Some of the photographs included are: U.S. Marines raising the American flag on Iwo Jima, the joyful reunion of a returning prisoner of war and his family, and a firefighter cradling the body of an infant killed in the 1995 Oklahoma City bombing.
One of the numerous Pulitzer winning photographs for photojournalism displayed is a news photo from July 1956 of the rapidly sinking Italian ocean liner Andrea Doria, taken by Harry A. Trask, a staff photographer for the Boston Traveler newspaper (which later became the Boston Herald-Traveler). The ship was struck by the Swedish vessel, the Stockholm, late at night in fog in the Atlantic Ocean off the coast of Nantucket, Massachusetts.
Trask used a Graflex Speed Graphic camera to capture a photographic sequence of the Andrea Doria in its final minutes before going under the water's surface. He was on board an airplane at the time flying some 75 feet overhead.
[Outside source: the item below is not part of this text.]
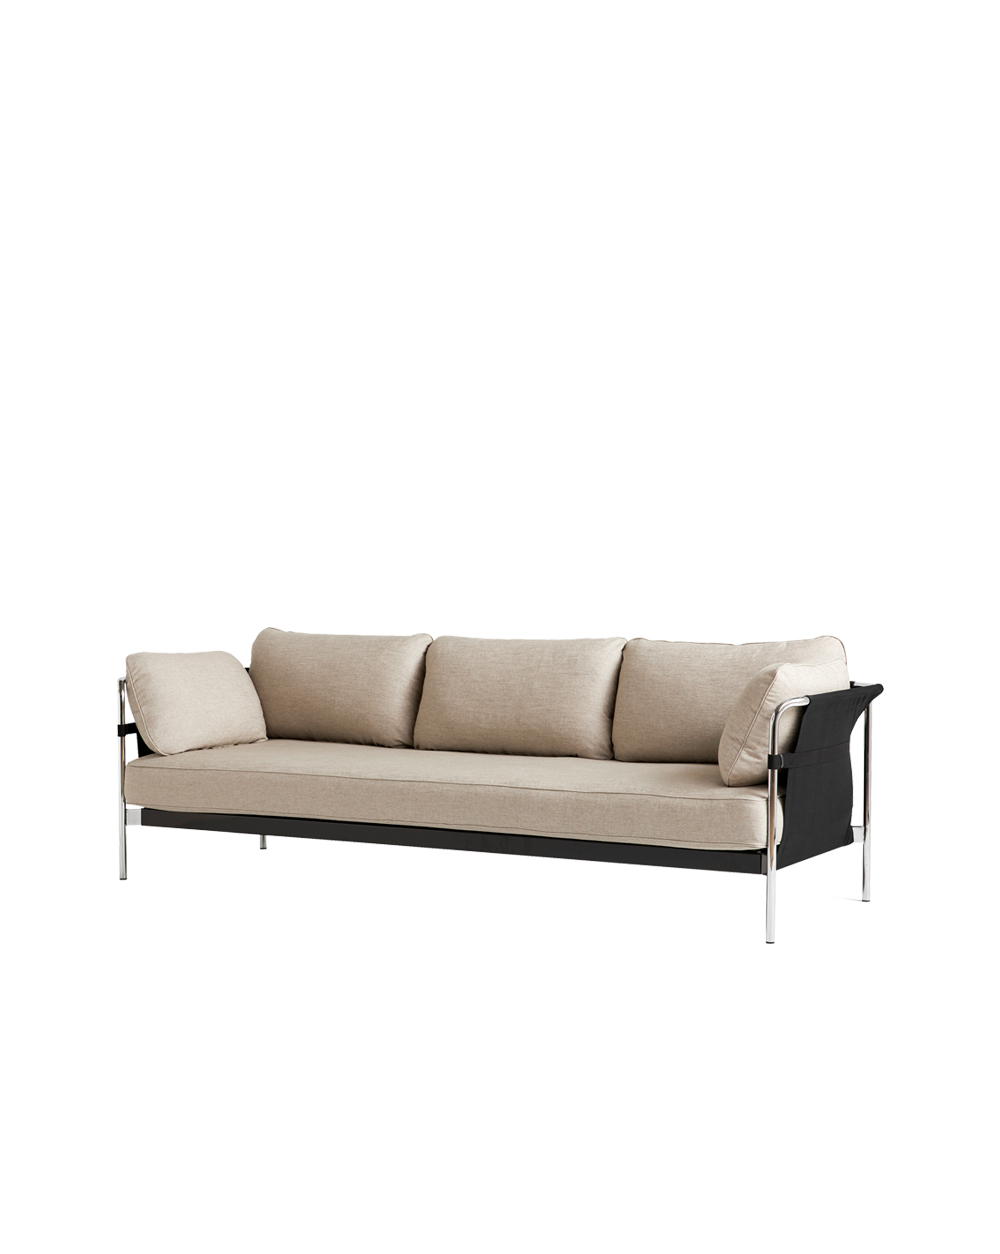 Sofaen Can fra Hay med stålrørsramme i krom leveres med flere ulike typer trekk på putene. Dette er en moderne sofa som også er praktisk – den leveres nemlig flatpakket og monteres av deg selv.  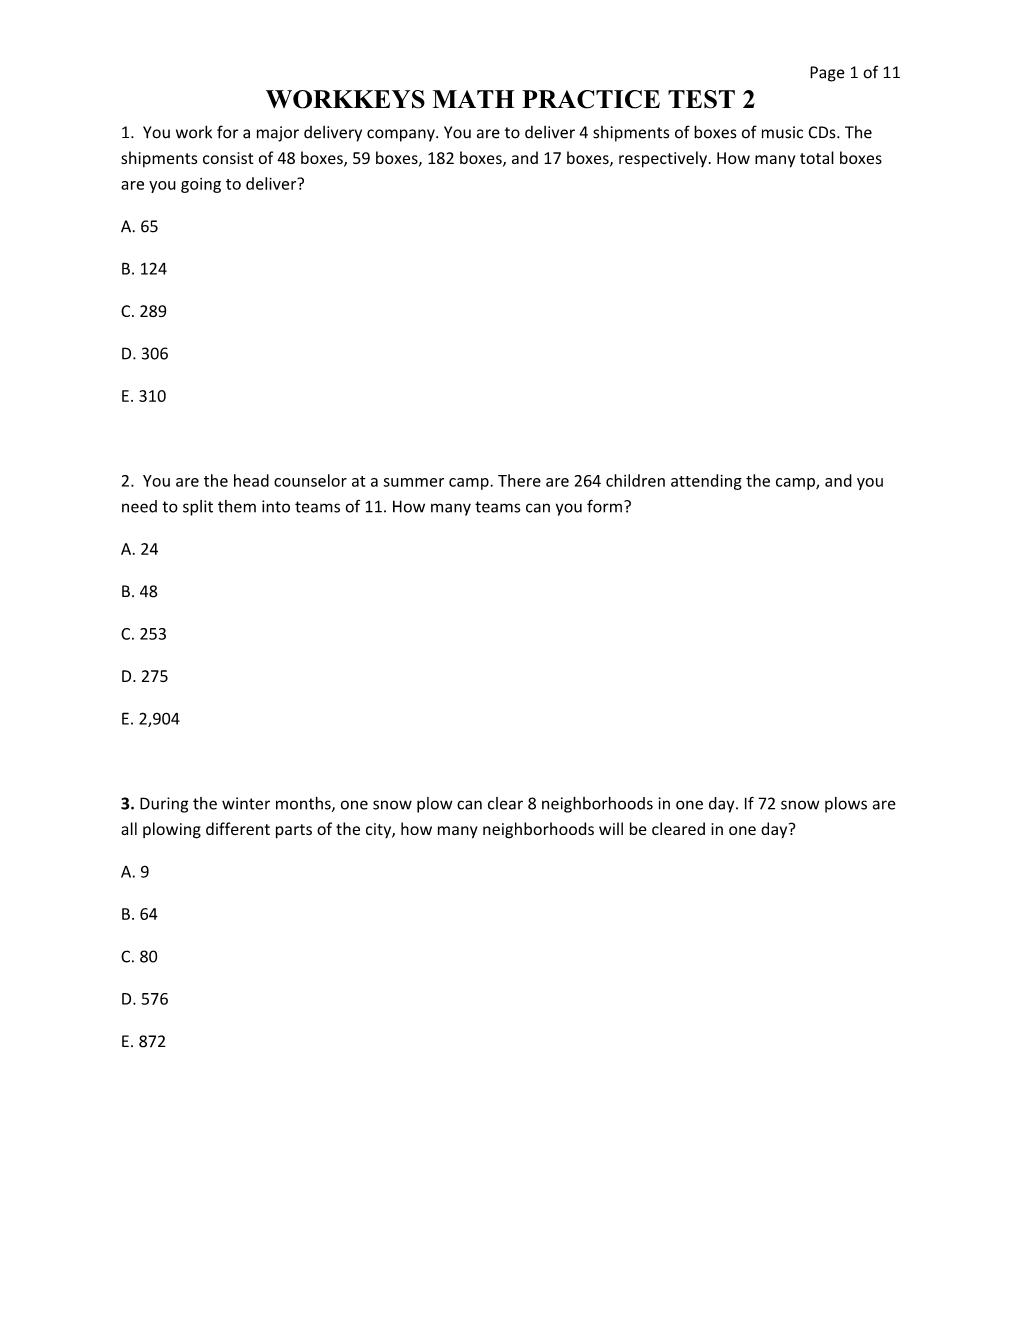 Workkeys Math Practice Test 2

The ship remained afloat for 11 hours after colliding with the Stockholm.
Kim Komenich was a photojournalist with the San Francisco Examiner in 1986 when he took one of the photos for which he received a Pulitzer in spot news photography during the last days of the regime of President Ferdinand Marcos in the Philippines. A picture he took shows Marcos wiping his brow during an election campaign stop in Mindoro in January 1986. In the photo his hand is noticeably bandaged--the result, Marcos said, of handshakes from overzealous supporters.
Komenich had traveled to the Philippines several times between 1984 and 1986, photographing events before, during, and after the revolution that toppled Marcos from power after 20 years and brought to office Corazon Aquino, the widow of assassinated Marcos opponent Benigno Aquino, as the new president.
Visitors also can access and view a database of 300 video clips, 400 audio clips, and 1,000 prize photos.
Part of original Berlin Wall on exhibit at Newseum
Elsewhere the Newseum's Berlin Wall Gallery is the largest display of sections of the original Berlin Wall outside of Germany. The exhibit has eight 12-foot-high graffiti-covered concrete sections of the wall, along with a three-story East German guard tower that was near Checkpoint Charlie--Berlin's best-known East-West crossing--where guards shot many East Berliners attempting to escape to West Berlin.
This focal point of news coverage indicates the role of the press in contributing to the fall of the wall. It includes looped TV footage from November 1989 showing jubilant East and West Germans hacking away at the concrete barrier between them with the collapse of the Soviet Union.
The Interactive Newsroom lets visitors, who often tend to be children, play the role of a photojournalist, editor, reporter, or news anchor at 48 interactive kiosks. Participants must race against deadlines to prepare reports. At one of eight "Be A TV Reporter" stations, youngsters can pick up a microphone, step before a camera, and experience what it's like to be a TV reporter.
Still another Newseum feature is a map assessing press freedom around the world by individual countries. That determination is made by Freedom House, an independent private organization that probes information about freedom around the globe. Its yearly survey examines how freely news and information flow in each country.
From a score of 0 (best) to 100 (worst), countries scoring 0 to 30 are classified as having "free" press, countries scoring 31 to 60 are considered "partly free," and those scoring 61 to 100 are deemed "not free." The full report on press freedom by country is available at www.freedomhouse.org.